The Group discontinues cash flow hedge accounting if the hedging instrument expires, is sold, terminated or exercised or no longer meets the criteria for hedge accounting. In this case, the cumulative gain or loss on the hedging instrument is recognized in revaluation reserve until the hedged transaction occurs. In case the hedged transaction is no longer expected to occur, related cumulative net gain or loss recognized in revaluation reserve is immediately recognized in profit or loss.
Furthermore, at the inception of the hedge and on an ongoing basis, the Group documents whether the hedging instrument is highly effective in offsetting changes in fair values or cash flows of the hedged item.
(f) Impairment
At each reporting date, the Group verifies whether there is any objective evidence indicating impairment of a financial asset or a group of financial assets.

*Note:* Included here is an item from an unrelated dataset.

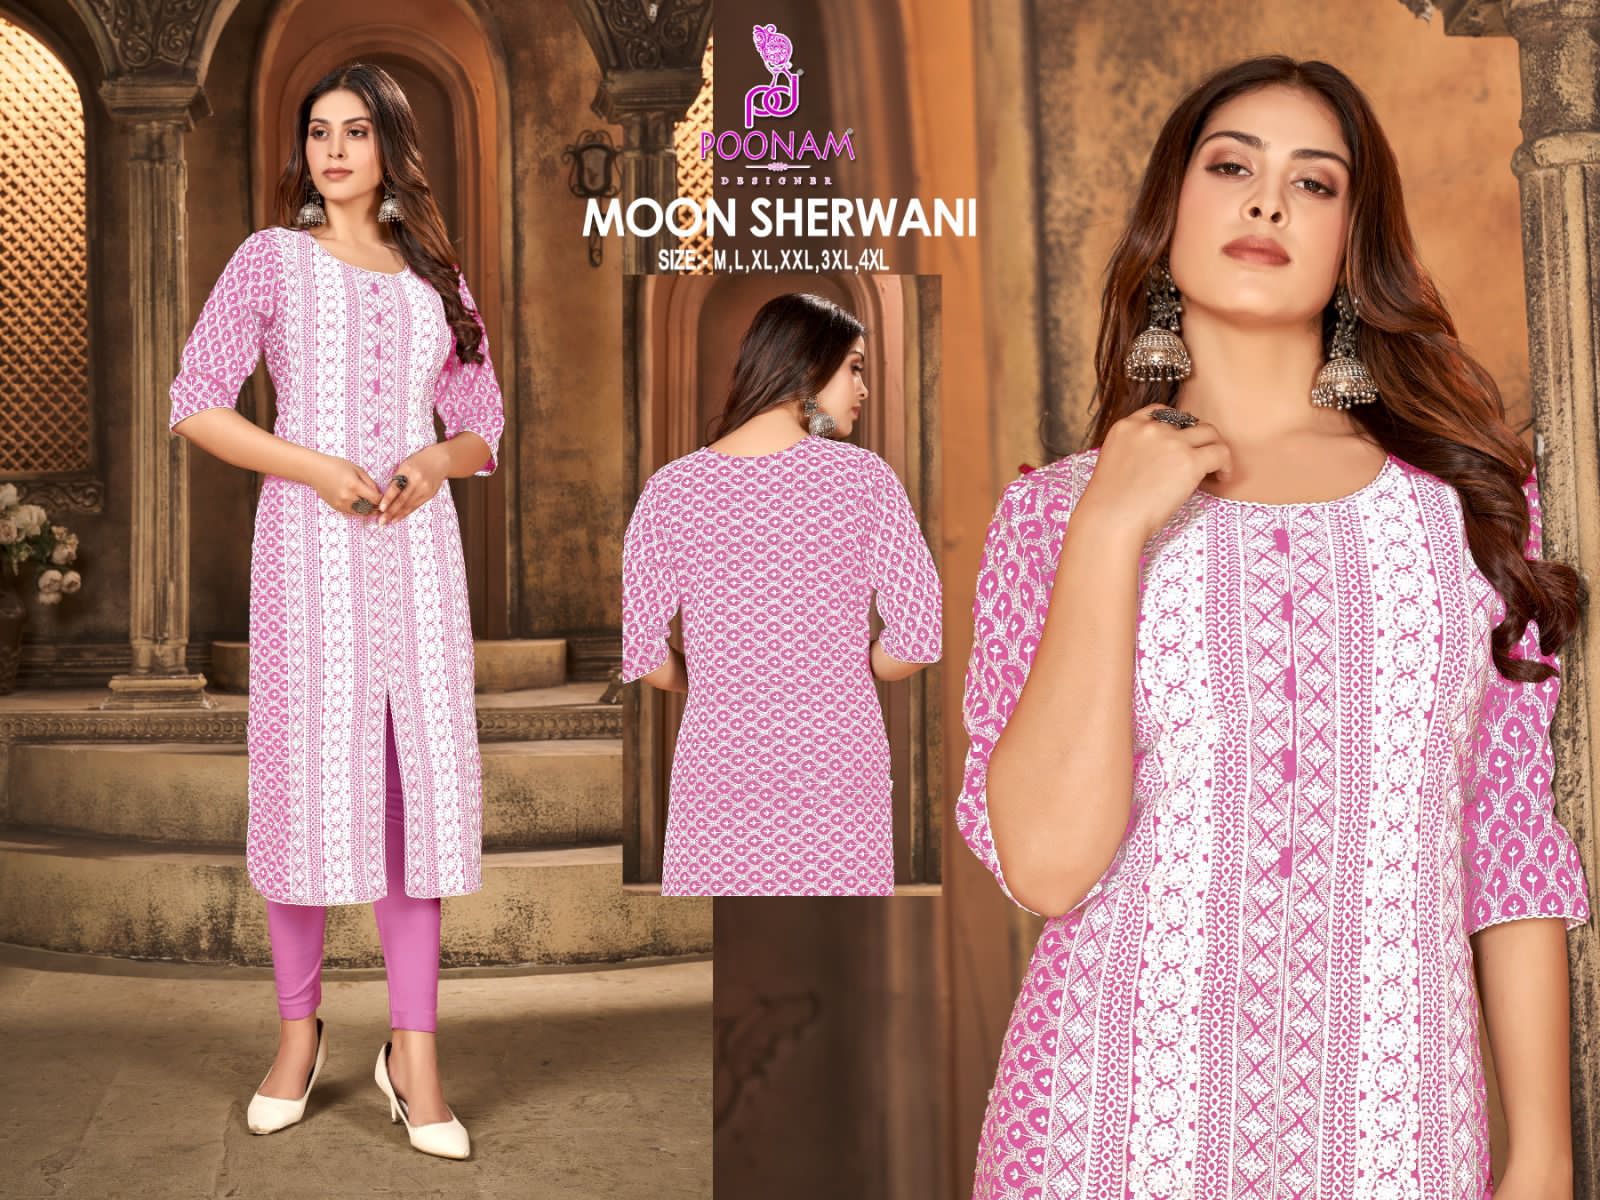 Poonam Moon Sherwani collection 4
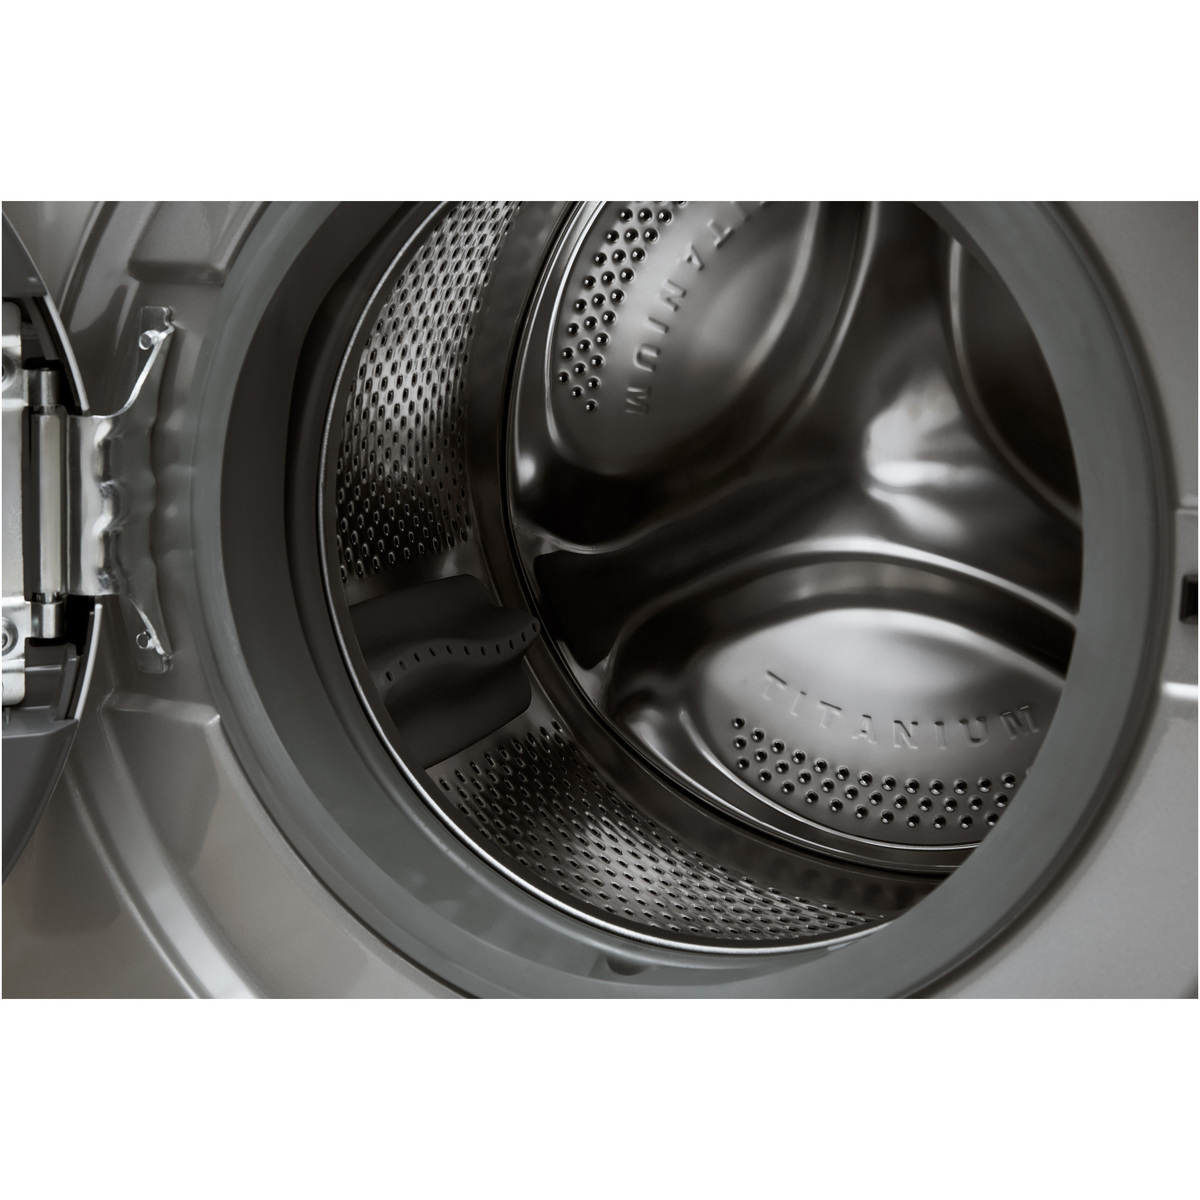 Whirlpool Freestanding Washer Dryer, 9 kg, 1400 rpm, Silver, FWDG96148SBS

If such evidence exists in case of financial assets available for sale, the total accumulated losses recognized in equity, determined as the difference between the acquisition price and their current fair value less possible impairment losses recognized previously in profit or loss, are excluded from equity and recognized in profit or loss. Impairment losses recognized in profit or loss and relating to equity instruments are not reversed corresponding to profit or loss. The reversal of impairment losses on debt securities is recognized in profit or loss if the fair value increased as a result of subsequent events after the recognition of impairment in the periods following the recognition of the impairment loss.
If there are indications of impairment of loans and receivables or investments held to maturity measured at amortized cost, impairment losses are determined as the difference between the carrying amount of the assets and the present value of estimated future cash flows discounted using the original effective interest rate for such assets (i.e. the effective interest rate calculated upon initial recognition for assets based on a fixed interest rate and the effective interest rate determined for the last revaluation of assets based on a floating interest rate). Impairment losses are recognized in profit or loss. Impairment is reversed if in subsequent periods the impairment decreases and the reduction may be attributed to events that occurred after the impairment recognition. As a result of reversal of the impairment, the carrying amount of financial assets should not exceed the amortized cost which would be determined had no impairment loss been recognized. Reversal of impairment losses is recognized in profit or loss.
If there are indications of impairment of unquoted equity instruments measured at acquisition price (as their fair value may not be determined reliably), the amount of the impairment loss is determined as the difference between the carrying amount of the assets and the present value of the estimated future cash flows discounted using the current market rate of return for similar financial assets. Such impairment losses are not reversed.